José María Giménez arrancó en falso al RB Leipzig en la Liga de Campeones con su gol de cabeza en el minuto 90. Durante mucho tiempo, el club sajón de la Bundesliga creyó que podía llevarse un punto de su visita al Atlético de Madrid. Pero al final, el 2-1 fue también la primera derrota del Leipzig tras 16 partidos oficiales invicto. Benjamin Sesko adelantó pronto al RB en el Estadio Metropolitano (minuto 4). Antoine Griezmann marcó el más que merecido empate (minuto 28) antes de que Giménez desatara el delirio en el estadio.
Fuerzas unidas
La ya frenética afición del Atlético se volcó y apoyó aún más fuerte a su equipo. El defensa del RB Willi Orban, que volvía al once titular tras cumplir un partido de sanción en Liga, había declarado la víspera que el "ambiente caldeado" le espolearía a él y a sus compañeros. Sin embargo, esto sólo se aplicó a la fase inicial. Los primeros contraataques furiosos fueron desbaratados con dificultad por los defensas del Leipzig.

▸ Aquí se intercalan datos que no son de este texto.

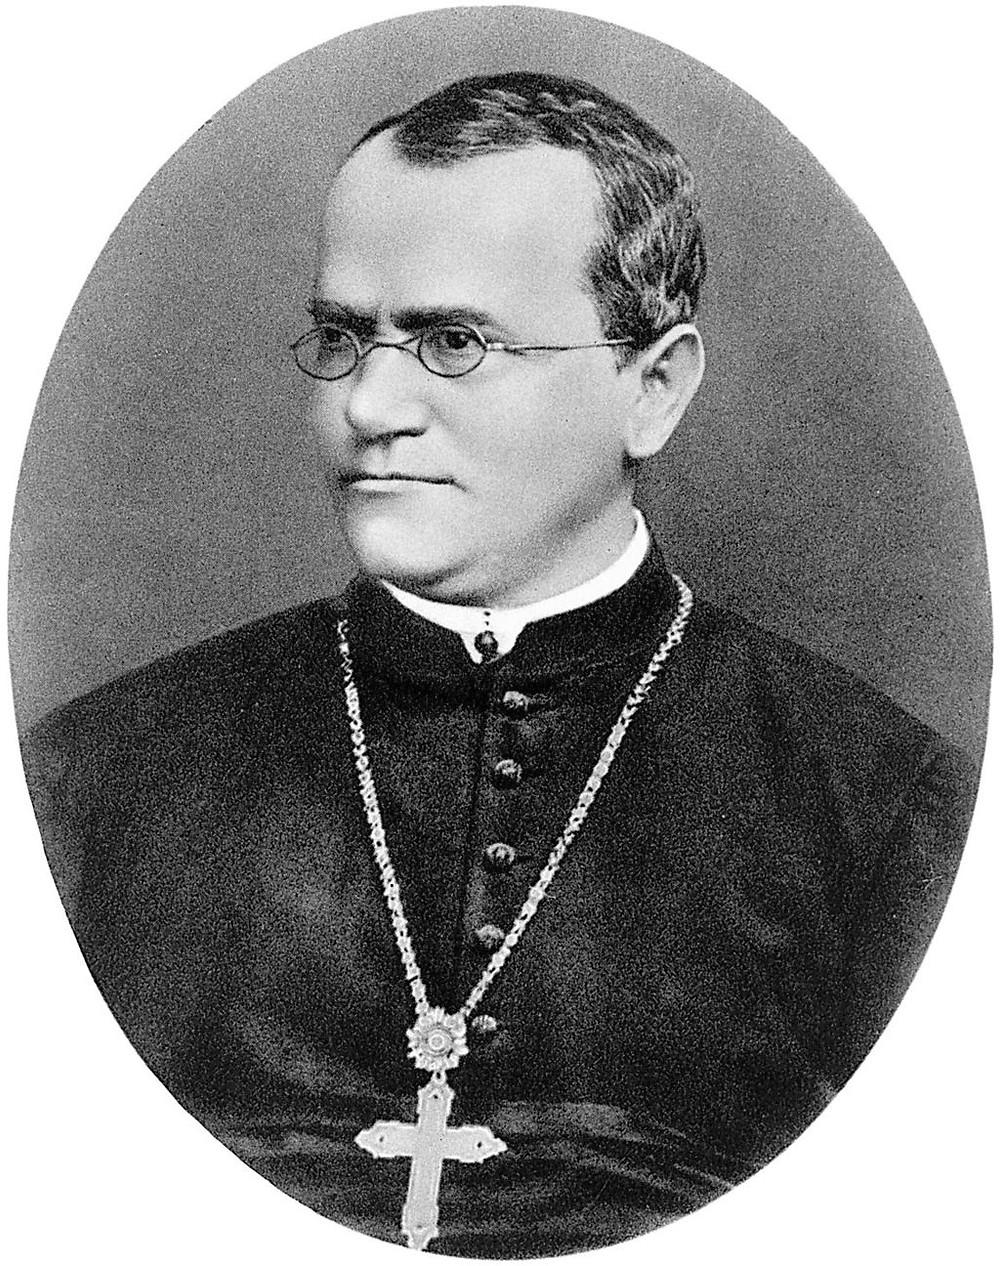 格雷戈爾·孟德爾

Orban y compañía tuvieron que emplearse a fondo para alejar el peligro, especialmente tras un error garrafal del guardameta Peter Gulacsi (16'). Sólo ocho minutos más tarde, Castello Lukeba evitó el gol con una entrada deslizante tras un error en la jugada preparatoria e, inmediatamente después, un cabezazo de Ángel Correa a la salida de un córner golpeó en el interior del poste. Gulacsi pudo pescarlo en la línea. El Leipzig apenas logró aliviar la presión. Por tanto, el empate de Griezmann era sólo cuestión de tiempo. Incluso después del gol, los locales tuvieron más el juego, pero fallaron demasiadas ocasiones.